◆ Exercise goal: Excluding images, repeat the data exactly as given.

◆ Recorded data:

_ _ _ _ _ _ _

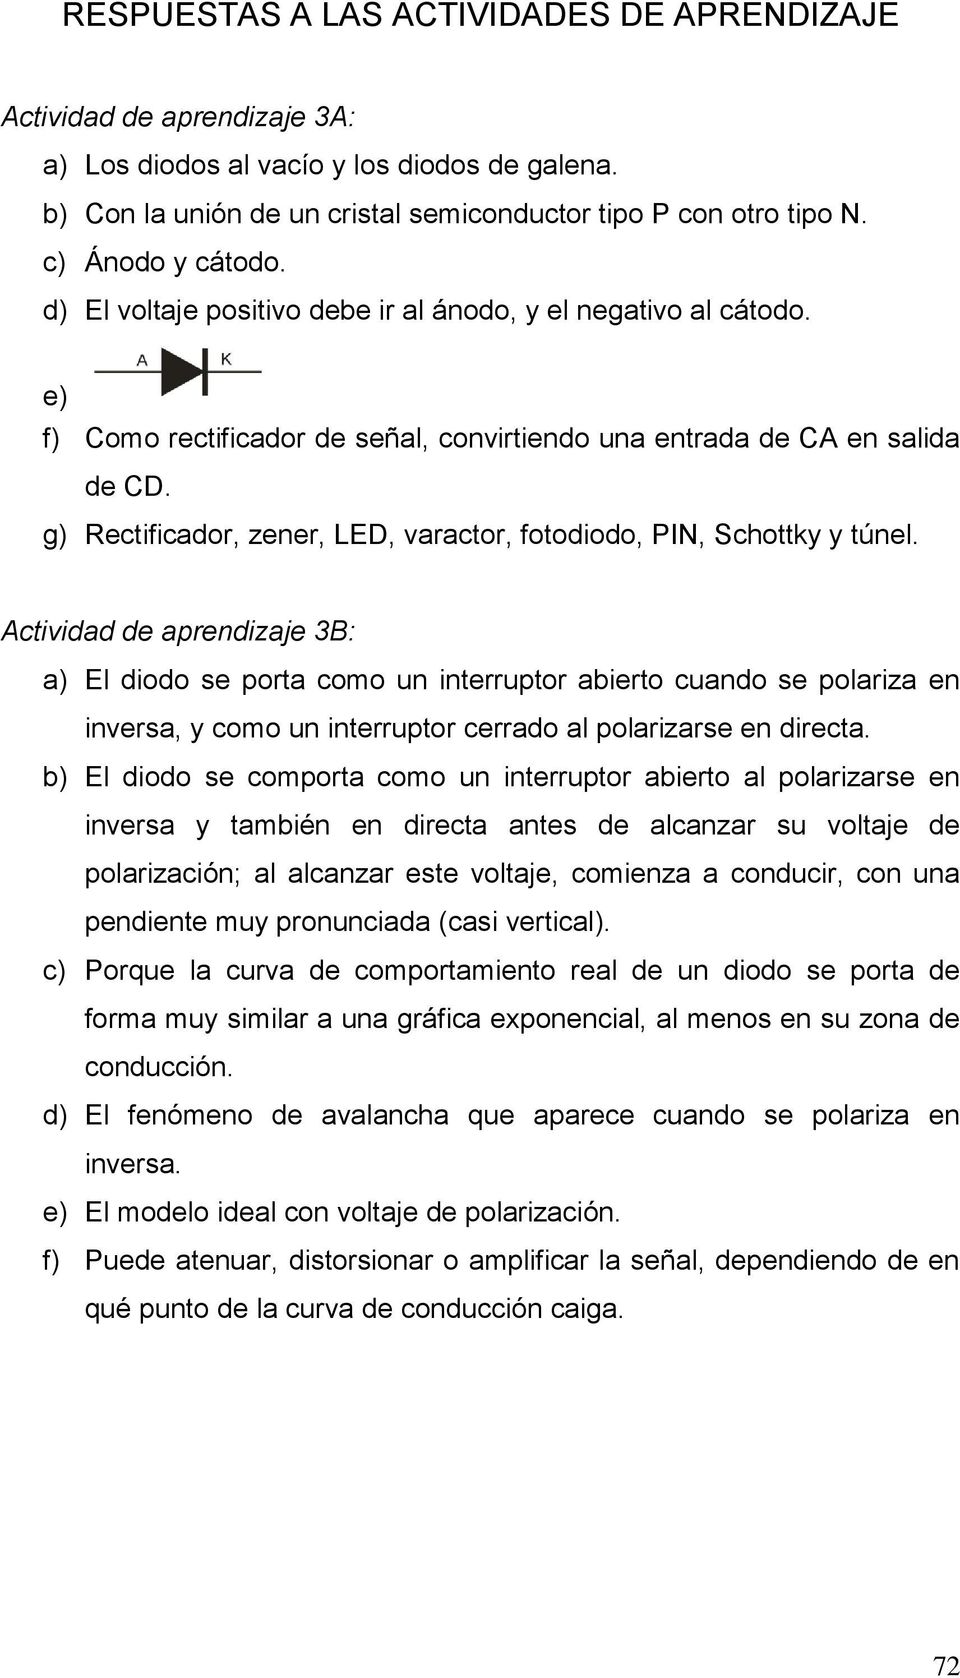 g) Rectificador, zener, LED, varactor, fotodiodo, PIN, Schottky y túnel.
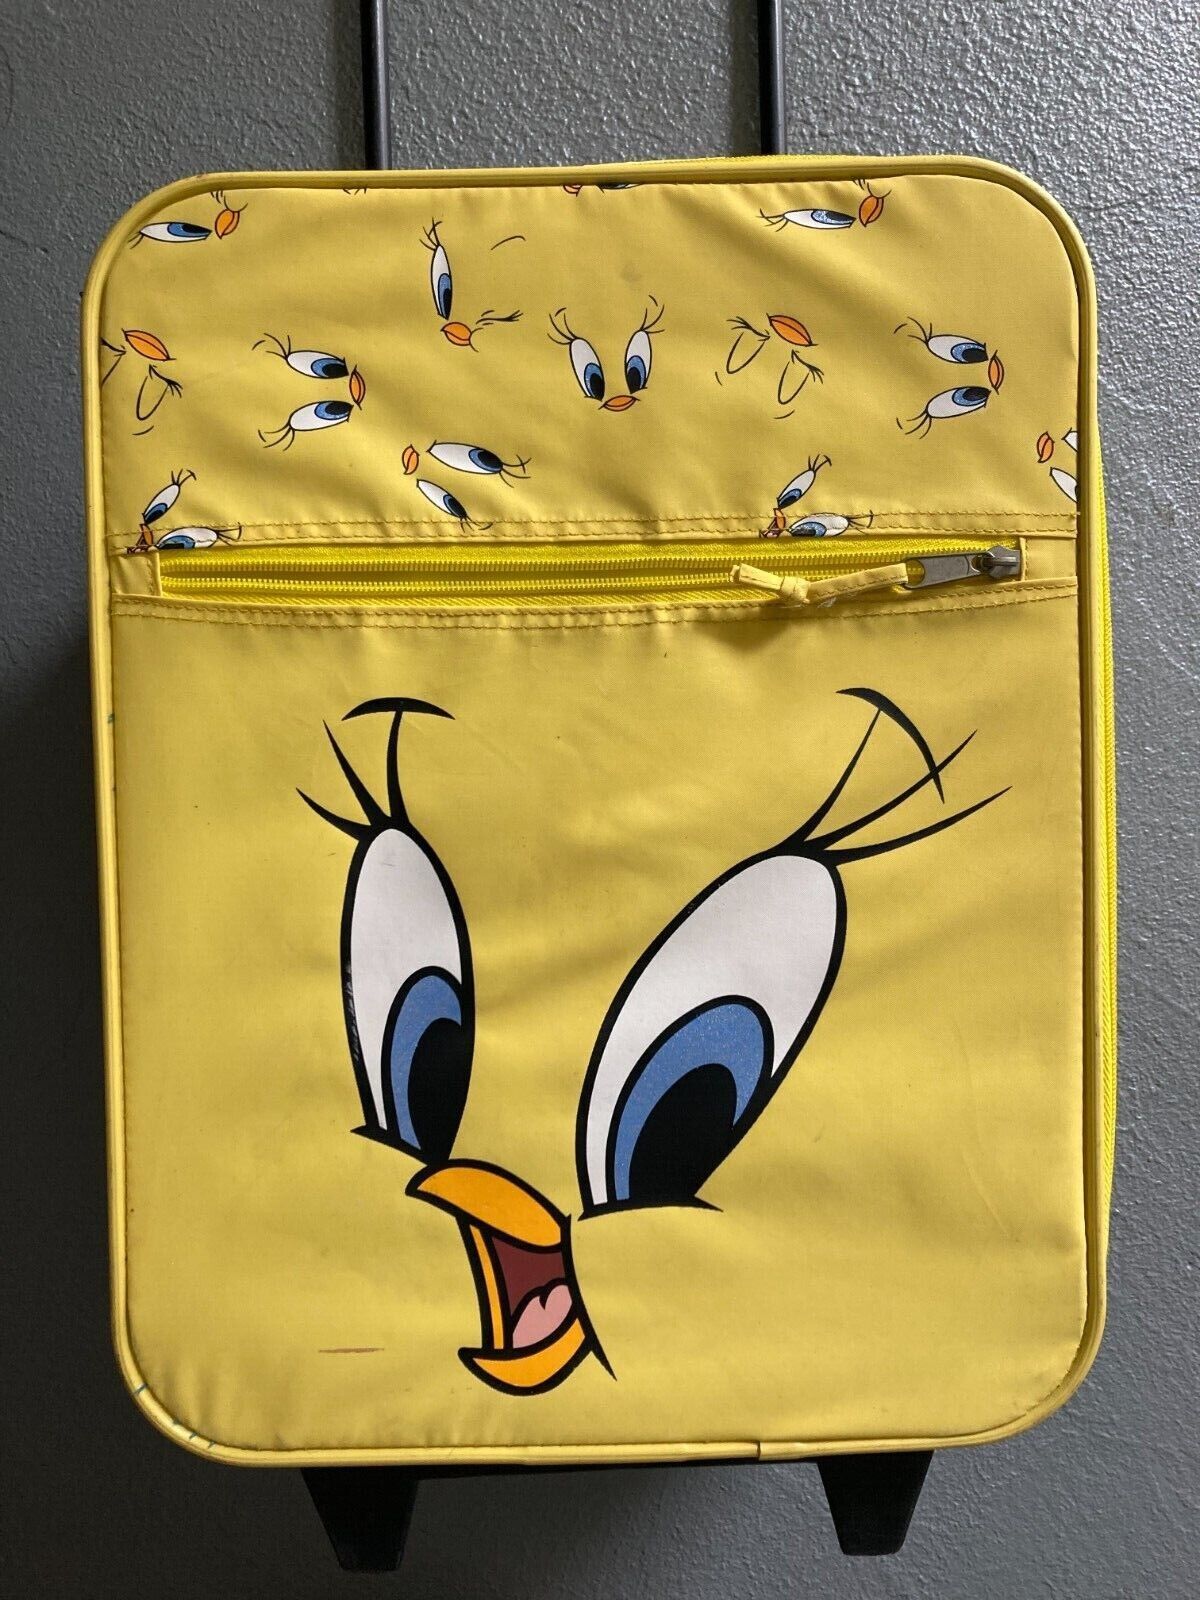 Vintage 1999 Warner Brothers Looney Tunes Tweety Bird Suitcase w/ Handle & Wheel
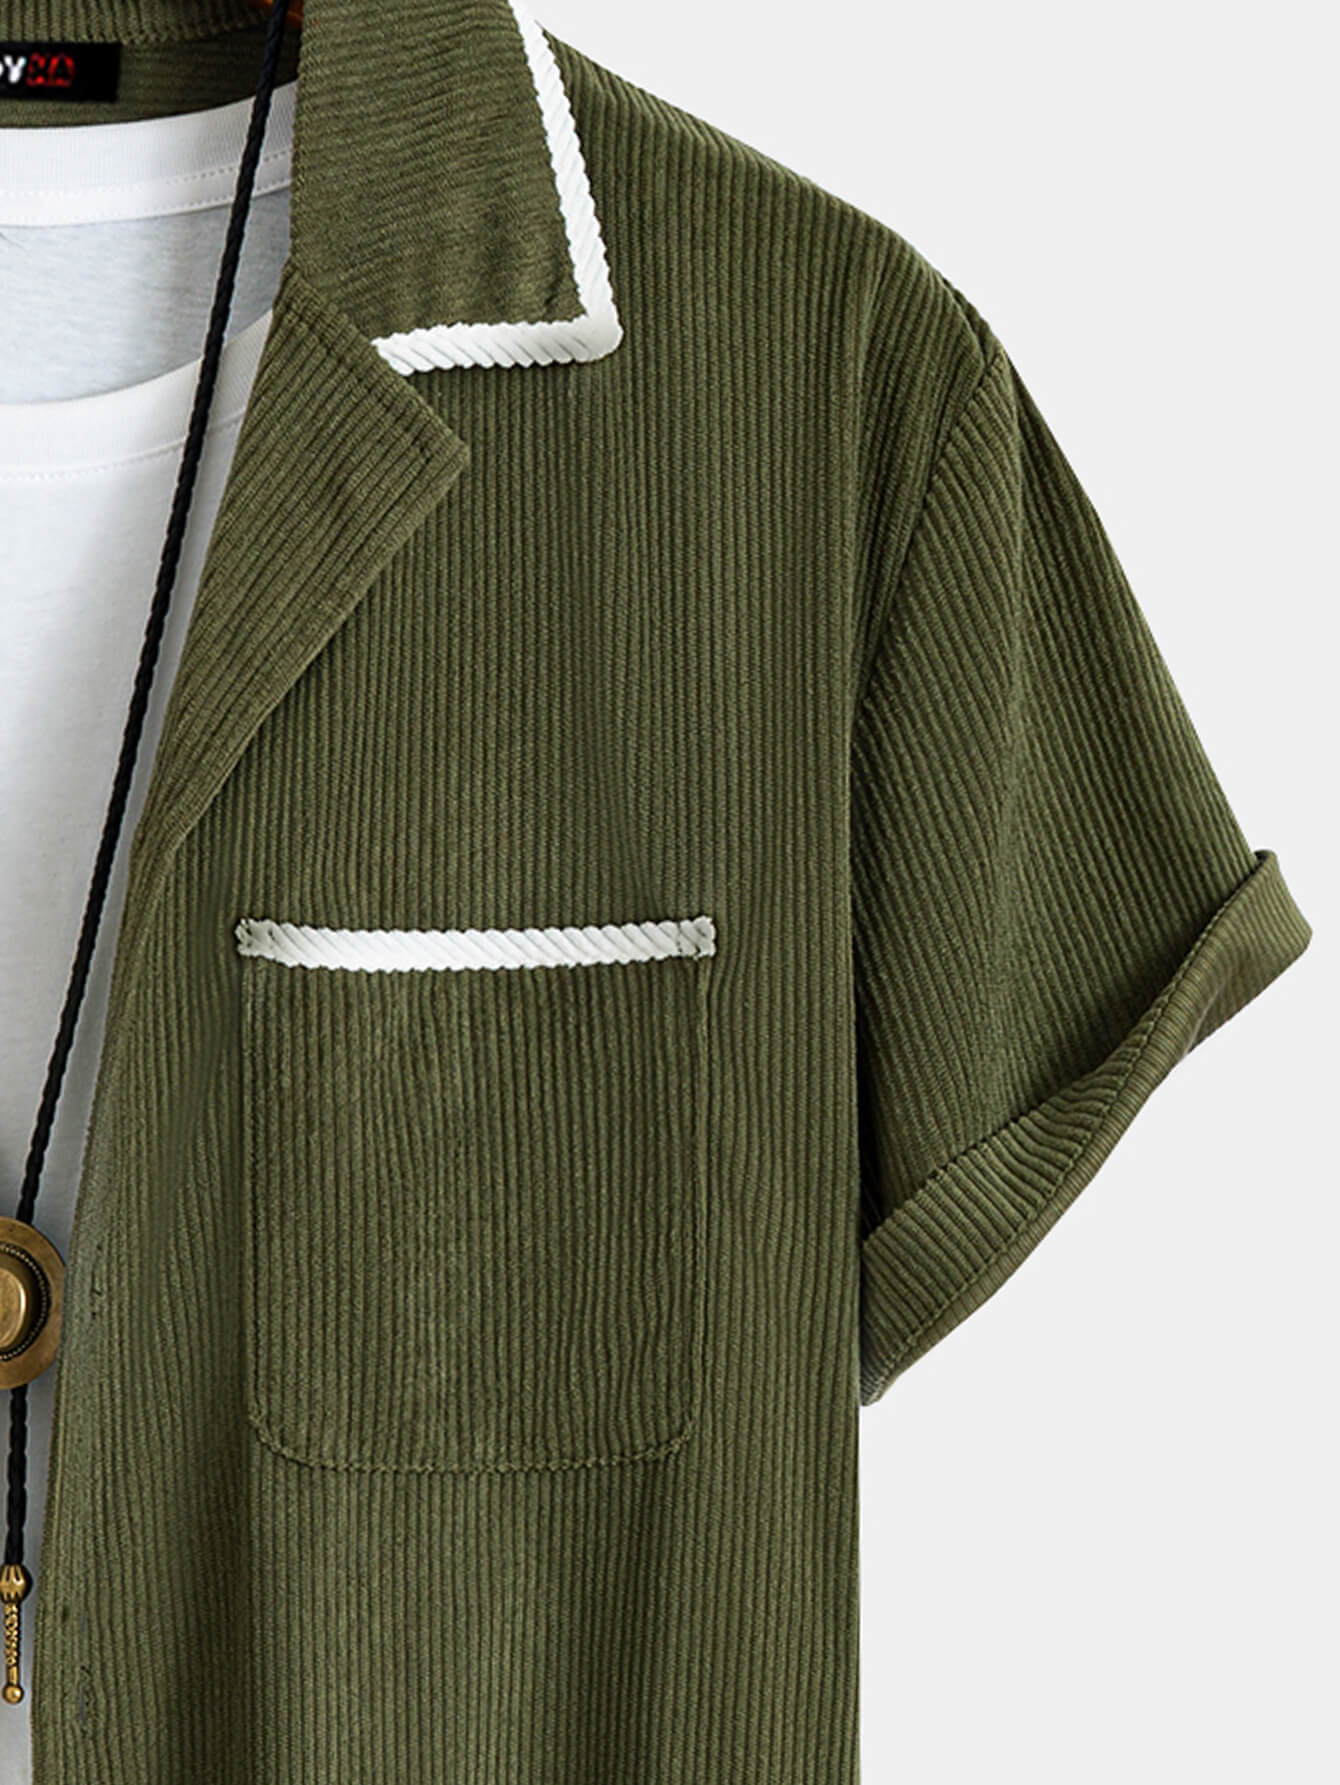 Men's Corduroy Green Short Sleeve Button Up Shirt

_ _ _ _ _ _ _

◆ Expected output:
 g) Rectificador, zener, LED, varactor, fotodiodo, PIN, Schottky y túnel.
 Vintage 1999 Warner Brothers Looney Tunes Tweety Bird Suitcase w/ Handle & Wheel
 Men's Corduroy Green Short Sleeve Button Up Shirt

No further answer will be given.